In the current work, we attempt to train a neural network to improve WENO5-JS. Our goal is to get closer to the optimal nonlinear finite-volume coefficients while introducing a minimal amount of bias. Unlike other references, we do not directly change the smoothness indicators or nonlinear weights of the method. Instead, we use a neural network to perturb the finite-volume coefficients determined using the original smoothness indicators and nonlinear weights of WENO5-JS. We attempt to learn an optimal function for this perturbation using data generated from waveforms that are representative of solutions of PDEs. These modifications result in a finite-volume scheme that diffuses fine-scale flow features and discontinuities less severely than WENO5-JS. We start in the next section by giving a more detailed description of the proposed algorithm.

2 Numerical methods

2.1 Description of WENO-NN

Although we focus on WENO5-JS in this paper, our approach could generally be used to enhance any shock-capturing method (or perhaps any numerical method). The proposed algorithm involves preprocessing the flow variables on a stencil using a conventional shock-capturing method and feeding those results into a neural network. The neural network then perturbs the results of the shock capturing method. Post-processing is then applied to the output of the neural network to guarantee consistency [1] (or, more generally, could be used to enforce other desirable properties). Hence, the augmented numerical scheme takes on many properties of the original. For example, applying the method to WENO5-JS results in an upwind-biased finite volume method with coefficients that depend on the local solution. The steps of the algorithm for enhancing WENO5-JS are shown in Algorithm 1.
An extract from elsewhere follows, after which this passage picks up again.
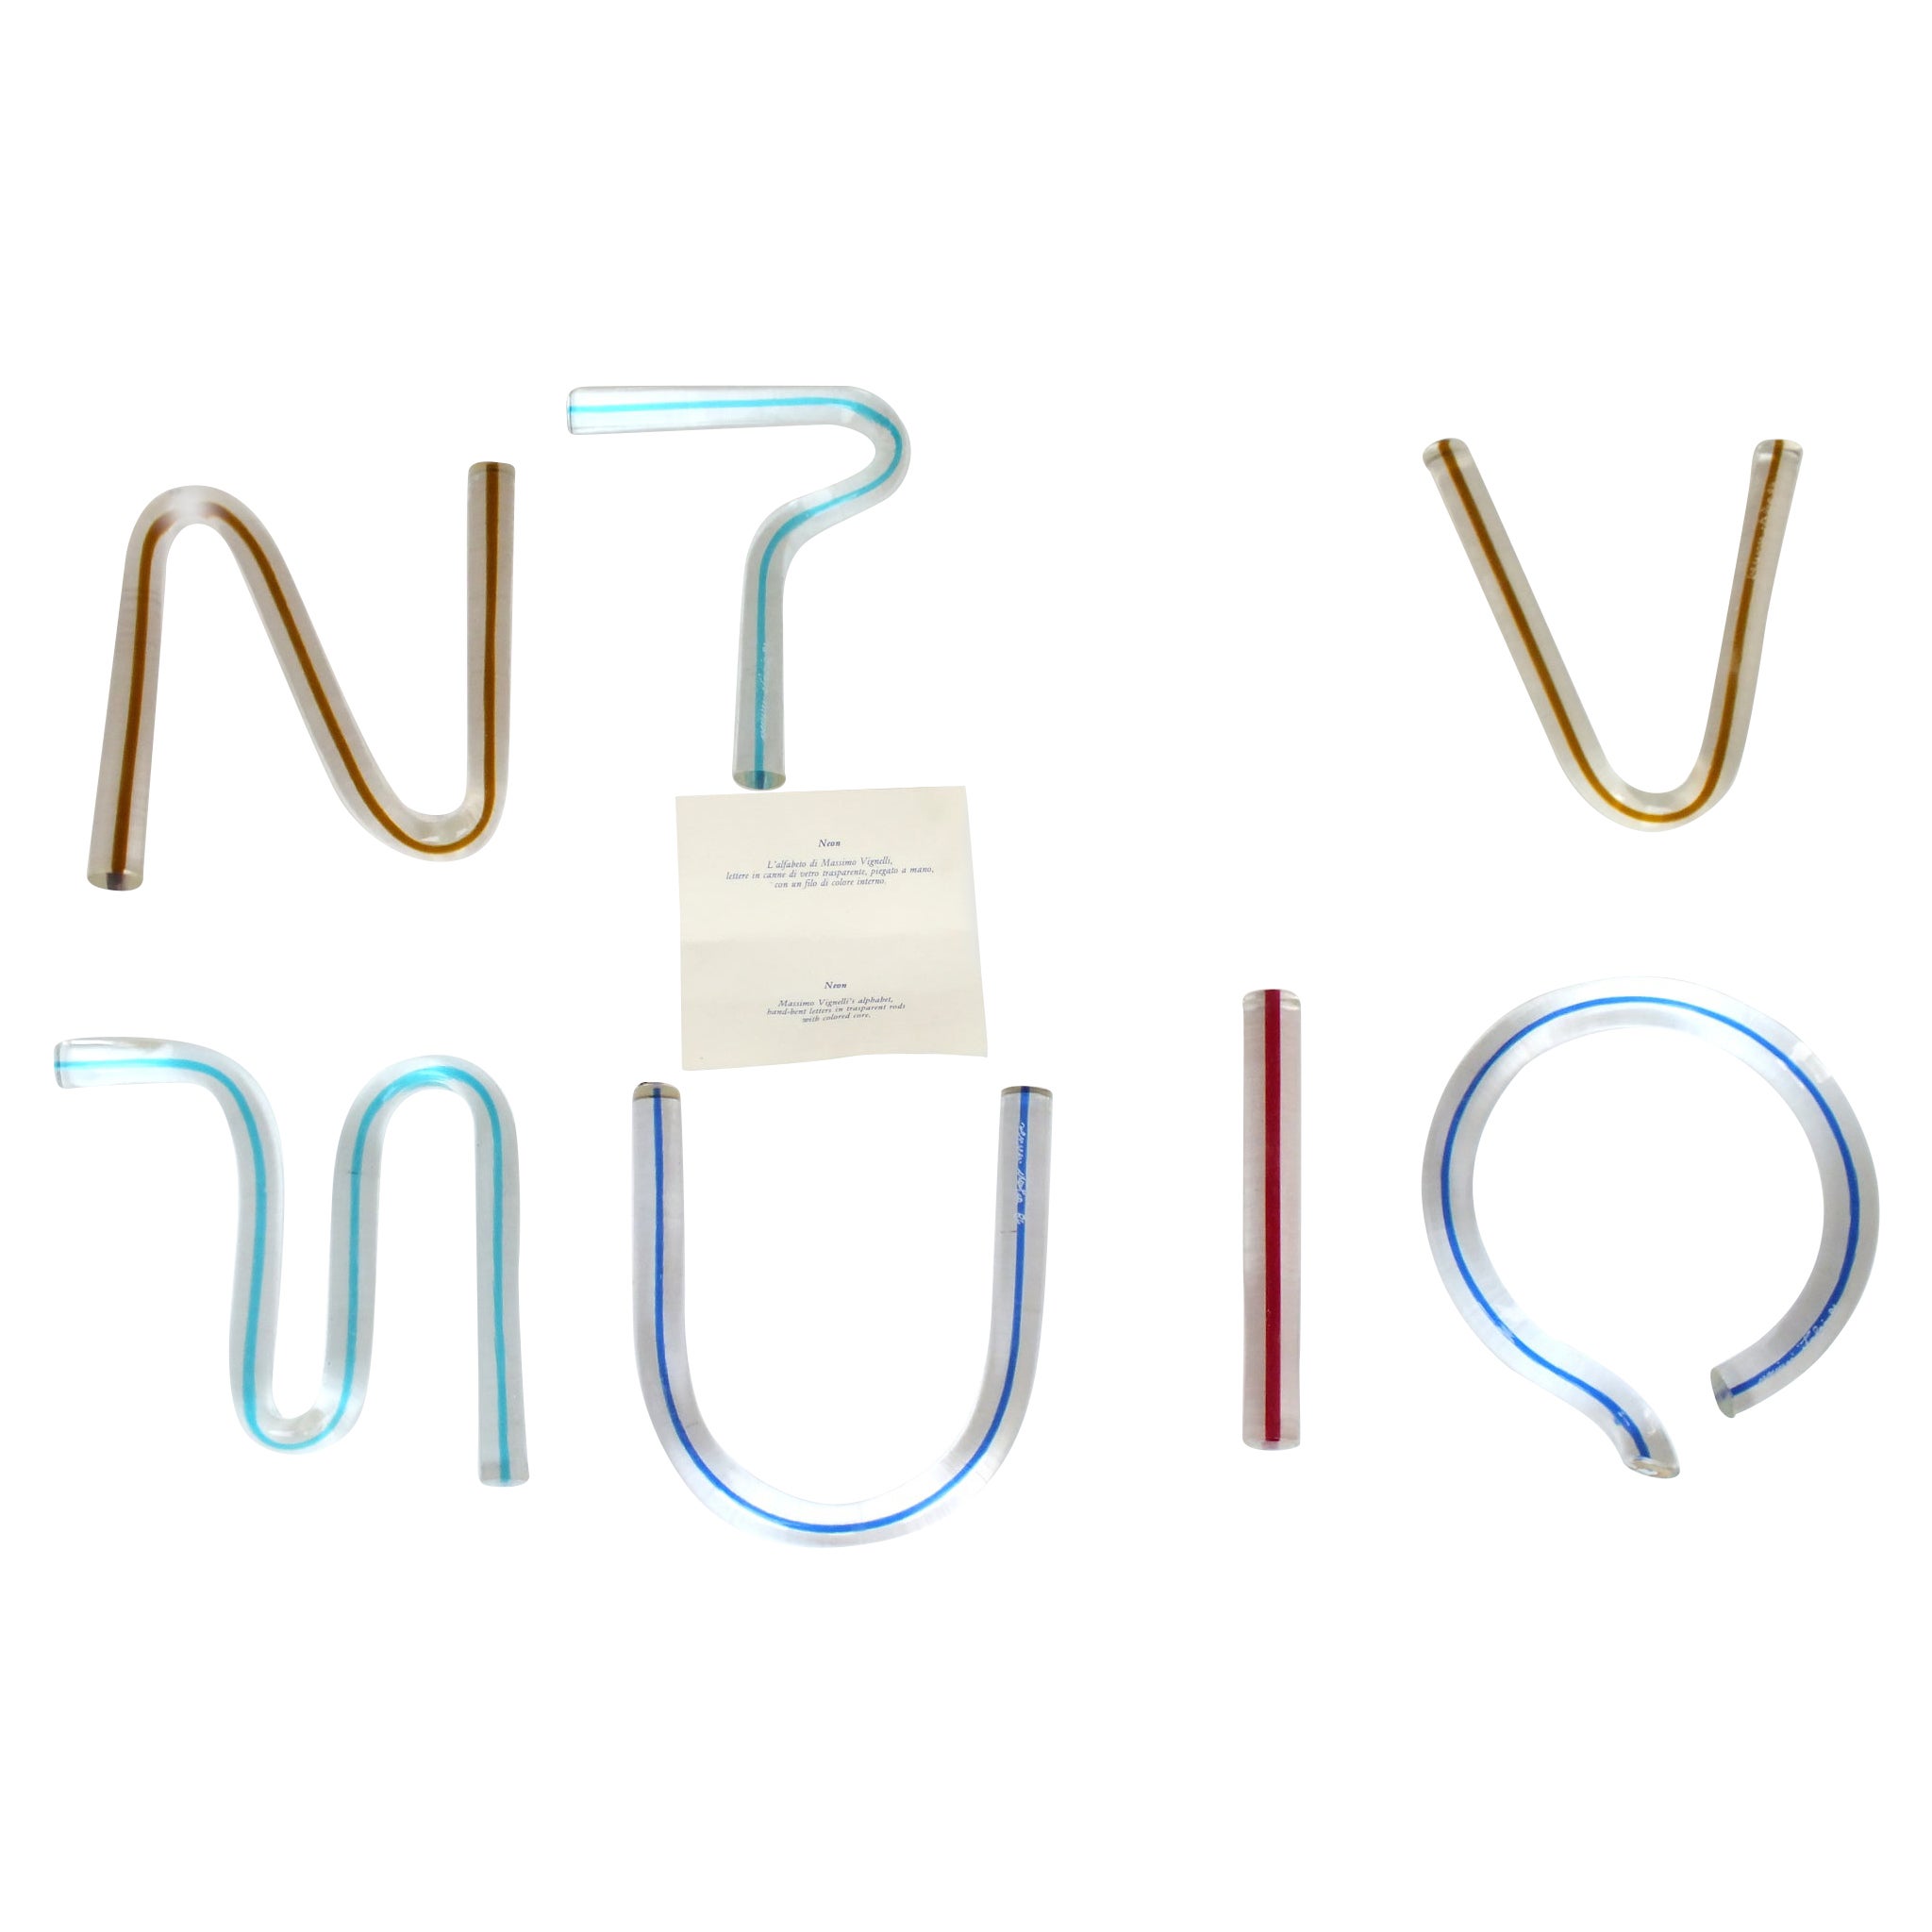 One Venini Alphabet Letters "Neon" Massimo Vignelli Design Years 1984 For Sale

We use WENO5-JS to preprocess the input data, so that the input to the neural network is the set of finite-volume coefficients found by WENO5-JS. We found that including this preprocessing step significantly improved performance. Once the nonlinear weights $w_i$ are determined according to the WENO5-JS algorithm, the coefficients for each cell average are computed as

$$\begin{aligned} {\tilde{c}}_{-2}= & {} \frac{1}{3}w_1,\nonumber \\ {\tilde{c}}_{-1}= & {} -\frac{7}{6}w_1 - \frac{1}{6}w_2,\nonumber \\ {\tilde{c}}_{0}= & {} \frac{11}{6}w_1 + \frac{5}{6}w_2 + \frac{1}{3}w_3,\\ {\tilde{c}}_{1}= & {} \frac{1}{3}w_2 + \frac{5}{6}w_3,\nonumber \\ {\tilde{c}}_{2}= & {} -\frac{1}{6}w_3. \nonumber \end{aligned}$$

(1)

These five coefficients are the inputs to the neural network, which outputs a change in each coefficient, $\varDelta {\tilde{c}}_i$. Our neural network uses three hidden layers, each with three neurons. We deliberately make the network as small as possible to reduce the computational cost of evaluating it. We are able to use such a small network because assuming that the WENO5-JS coefficients are a useful model input is a strong prior, so WENO5-JS performs a significant amount of the required processing. $L_2$ regularization is applied to the output of the neural network to penalize deviations from WENO5-JS, which encourages the network to only change the answer supplied by WENO5-JS when an improved result is expected. The new coefficients are computed by subtracting the change in coefficients from the old coefficients.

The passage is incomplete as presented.